Forget about your 401(k) for the moment. Have you checked your college savings plan?
The recent plunge in stock prices has hit these so-called 529 plans, too.
If your child is in grade school or younger, no problem. You have years for the stock market - and your account - to recover. But you might be in a tougher position if your child is headed for college next year and your money is still heavily invested in stocks. You might have to make some adjustments unless the stock market makes a sustained rally soon.
Plan officials are hearing more from parents about their shrinking account balances.
"There is a lot of concern that people are seeing their 529 account values go down while tuition prices keep going up," says Joseph Hurley, founder of Savingforcollege.com and an expert on 529 plans. Most of the anxiety comes from parents whose teenagers are fast approaching college, he says.
College savings plans, called 529 plans after the tax code creating them, allow families to invest in a variety of portfolios. The money can be withdrawn later without the gains being taxed if the cash is used for college. Plans have a total of $110.6 billion in assets, according to the most recent figures from Financial Research Corp.

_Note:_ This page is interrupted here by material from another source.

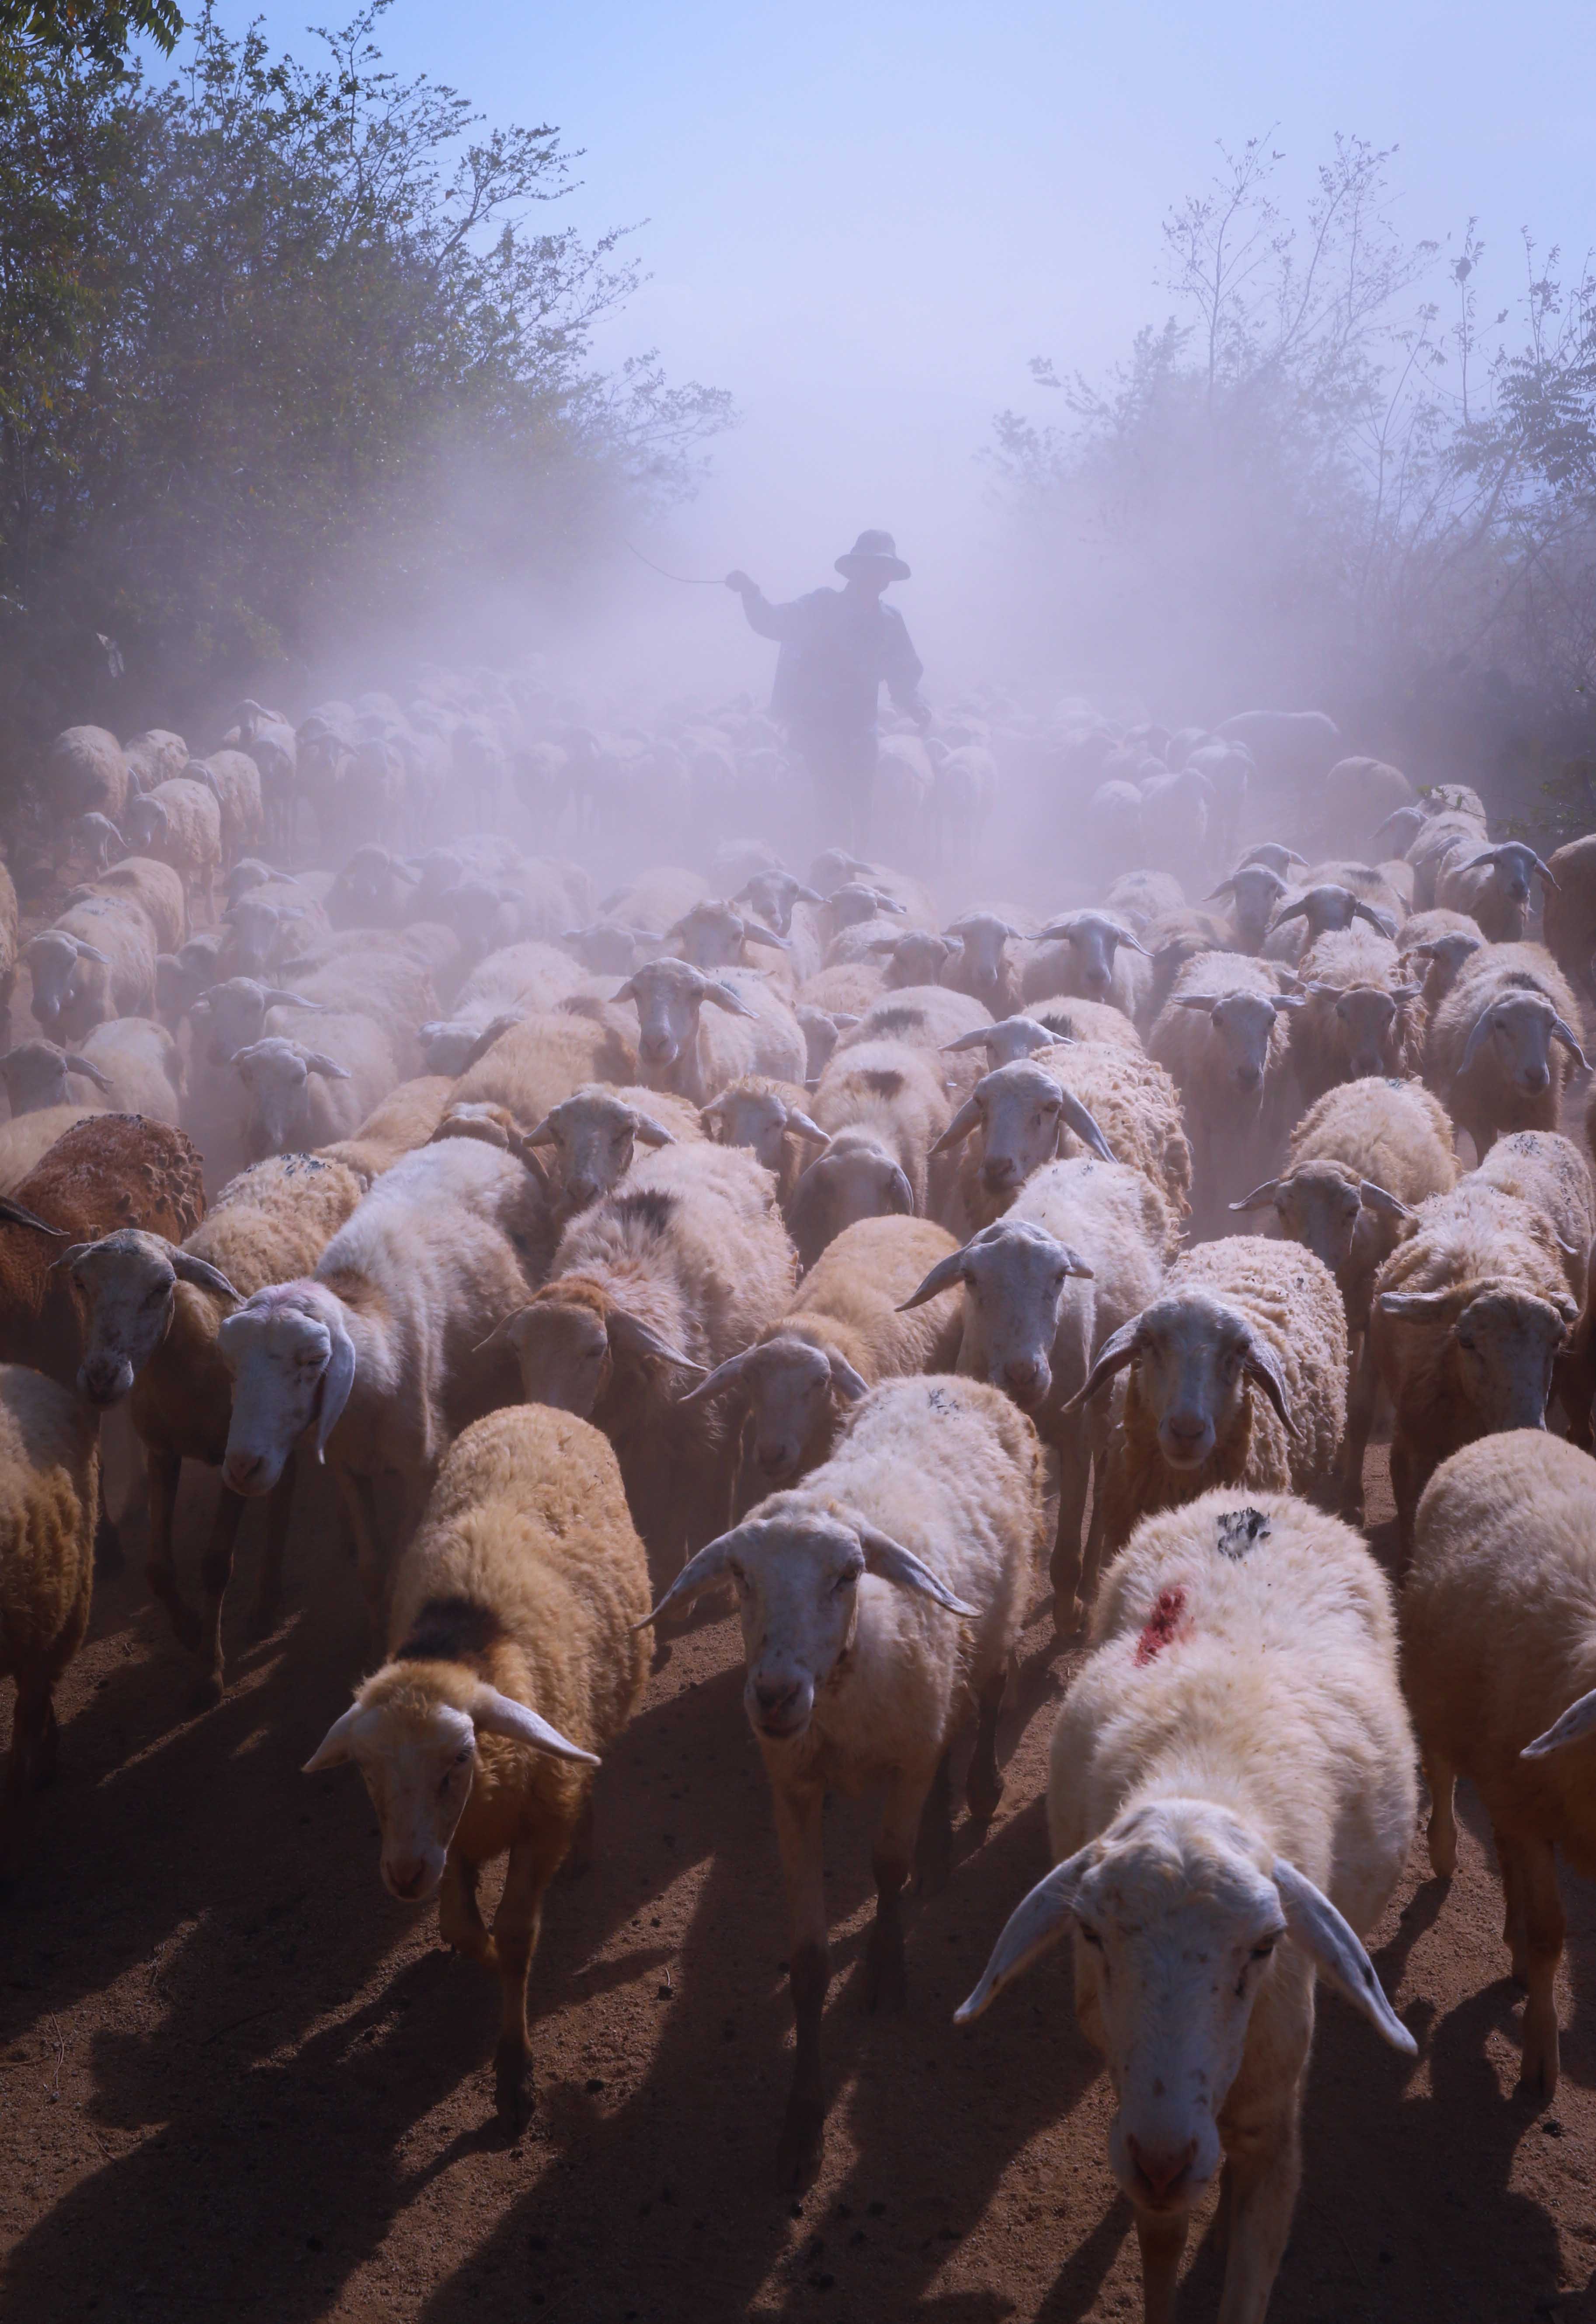 Sáng sớm trên những con đường làng dẫn ra đồng cừu An Hòa là cảnh tượng đàn cừu cả trăm con đồng loạt sổ lồng, sau một đêm dài say giấc. Hình ảnh mở đầu những thú vị cho một ngày khám phá, trải nghiệm ở đồng cừu An Hòa.

On average, plans lost 7.22 percent in the first eight months of this year, according to Morningstar's latest figures on nearly 100 plans. Over the past five years, plans saw an average annual gain of 6.06 percent.
Your own return depends on where you invested your money. (If you have paid for tuition in advance through Maryland's prepaid college plan, you shouldn't have to worry about market swings.)
Savings plans typically offer age-based accounts, where you choose a portfolio based on the year your child will enter college. The money is invested aggressively in stocks, which have had the highest return over time, when the child is young. The investments become more conservative as the child grows older and nears college.
The majority of money in 529s is invested in these kinds of age-based portfolios. If your money is in an age-based portfolio and your teen is approaching college, your investment likely didn't experience the full brunt of the recent turmoil of the stock market.
But many plans offer other portfolios that are always fully invested in stocks, an option created after critics complained in the late 1990s that age-based portfolios were too conservative, Hurley says. These accounts have taken some heavy hits of late.
The Maryland College Investment Plan, managed by Baltimore's T. Rowe Price Associates, has age-based portfolios as well as an all-stock option. As of Thursday, the 100 percent equity portfolio was down 37 percent for the year. The age-based portfolio for students headed to college next year, which includes 23 percent stocks, dropped 13 percent.
Some age-based portfolios are entirely invested in bonds and money-market funds when teens approach college. Price's portfolios for students near college and in college contain stocks to keep up with tuition inflation, says Tom Kazmierczak, Price's senior product manager for 529 college savings.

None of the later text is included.